A/N: Once again, I have succumbed to the urge to write a fic with extremely niche appeal. Go me. X)
This will be a series of vignettes on the executives of Shinra. How do they think? What makes them tick? Each chapter will be titled with their name, so you can easily find the one(s) who interest you the most.
If you do read these, it would make my day if you decide to leave a comment. Please tell me I'm not the only one in the world who is curious about these characters!
Heidegger
Heidegger always did his best thinking under pressure.
At his desk, Heidegger scowls at the report in front of him. Its very existence offends him. He hasn't read a single word.
A whole heap of reports sits to his left. A second, smaller stack is on his right, signed and ready to be filed. He hasn't read those either. If nobody is running around yelling about it, it has to be too trivial for him to bother reading.
It wasn't like this in the old days. Out on the front lines, where making a decision was to choose between life and death. The slightest hesitation meant sure defeat. Those days, each of those critical moments… Those had been his time to shine.
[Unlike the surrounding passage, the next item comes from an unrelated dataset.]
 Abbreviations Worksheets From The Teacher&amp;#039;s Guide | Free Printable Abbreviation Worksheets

These days, though? Board meetings and emails are the biggest threats he has to face. The only thing still shining is the row of medals on his wall.
Heidegger signs his name with short, angry slashes and stabs his pen back into its holder. Every minute he spends chained to this desk is another brain cell gone to rot. He can feel them. Hojo would probably laugh at his theories. Or sneer, rather. That is what the man does. Sneer smugly at anyone who dares express an independent thought in his presence.
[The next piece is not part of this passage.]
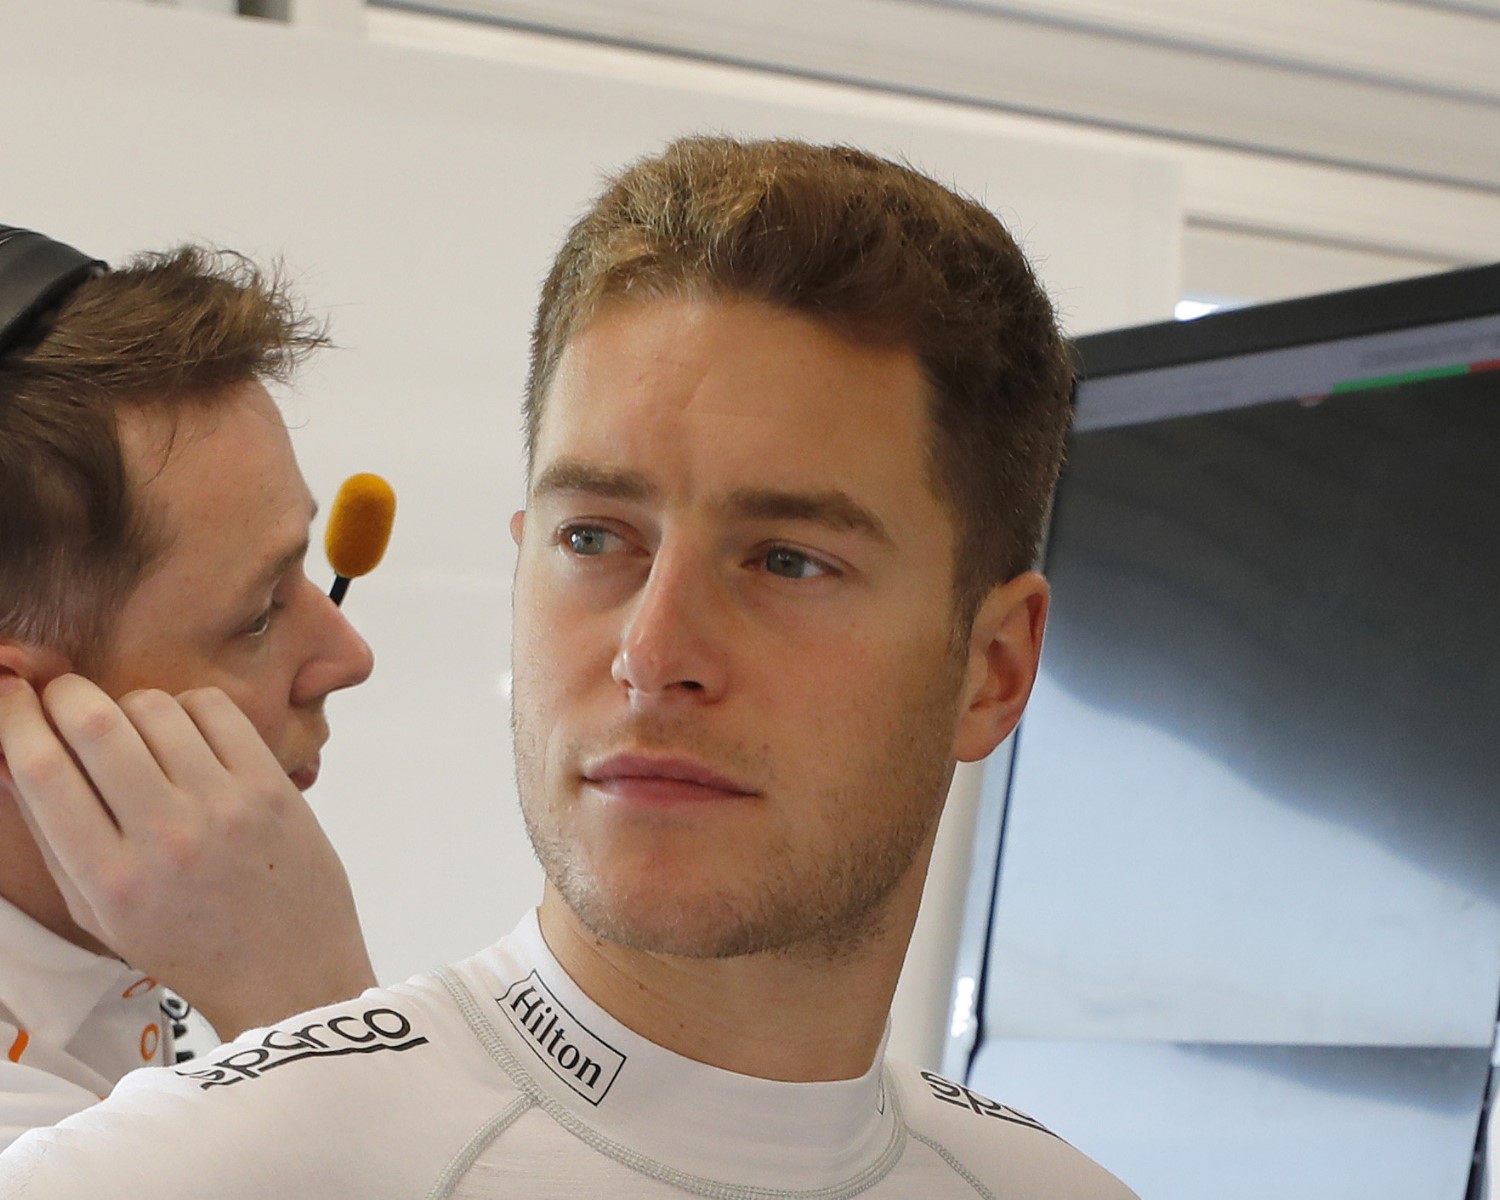 Stoffel Vandoorne too slow for even Toro Rosso, will have to drive IndyCars or Formula E

Well, what does a damned scientist know about the real world? Hojo was born and bred to spend his days indoors, where his soft, pasty self remains safely out of harm's way. He doesn't understand men of the military. He certainly isn't stuck inside Heidegger's head, feeling his own vigor and determination leak away with every pencil-pushing day.
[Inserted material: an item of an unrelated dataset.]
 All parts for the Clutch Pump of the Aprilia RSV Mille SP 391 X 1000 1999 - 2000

Heidegger huffs and pushes back, scraping his chair along the floor. He takes a moment to loosen his belt a notch, and as the pressure on his gut eases, his grimace melts away. His entire uniform is getting oddly tight again. One of these days he will go have another stern word with the dry-cleaners. Last time they claimed that it was impossible, that their cleaning processes were carefully monitored, that no one else has ever complained. One of them even dared to insinuate that the problem lay elsewhere, while looking pointedly at Heidegger's waist.
What did a bunch of launderers know, anyway? Bunch of liars, the lot of them, just dodging the bill for the new set of uniforms Heidegger had been forced to order to replace what they had suspiciously shrunk.
At the time, Heidegger even sent a memo to internal services about it. Nothing had changed, and now another uniform was bursting at the seams. Showed how much those idiots knew, too.
Heidegger pulls himself to his full height, ramrod straight, shoulders back. He marches over to the window, clasping his hands at the small of his back as he takes in the scenery. Far below, Midgar's streets stretch out like spokes of a wheel to the edge of the plate, where one of the city reactors stands tall and proud. He used to appreciate the view. Now, after staring down on it year after year, it seems so... lethargic. Like a stagnant pool, slowly going to rot.
Well! Nothing in this world lasts forever. Sooner or later trouble will arise again, and then these scientists and launderers and all the other fools will see the world for what it really is, and they all will come running to the only man in Midgar who knows how to keep it together in a crisis.
There will always be turmoil in the world. Always be those who seek to crush and subjugate, and those who are determined to stop them. All Heidegger has to do is wait.
Before long, it will be his time to shine again.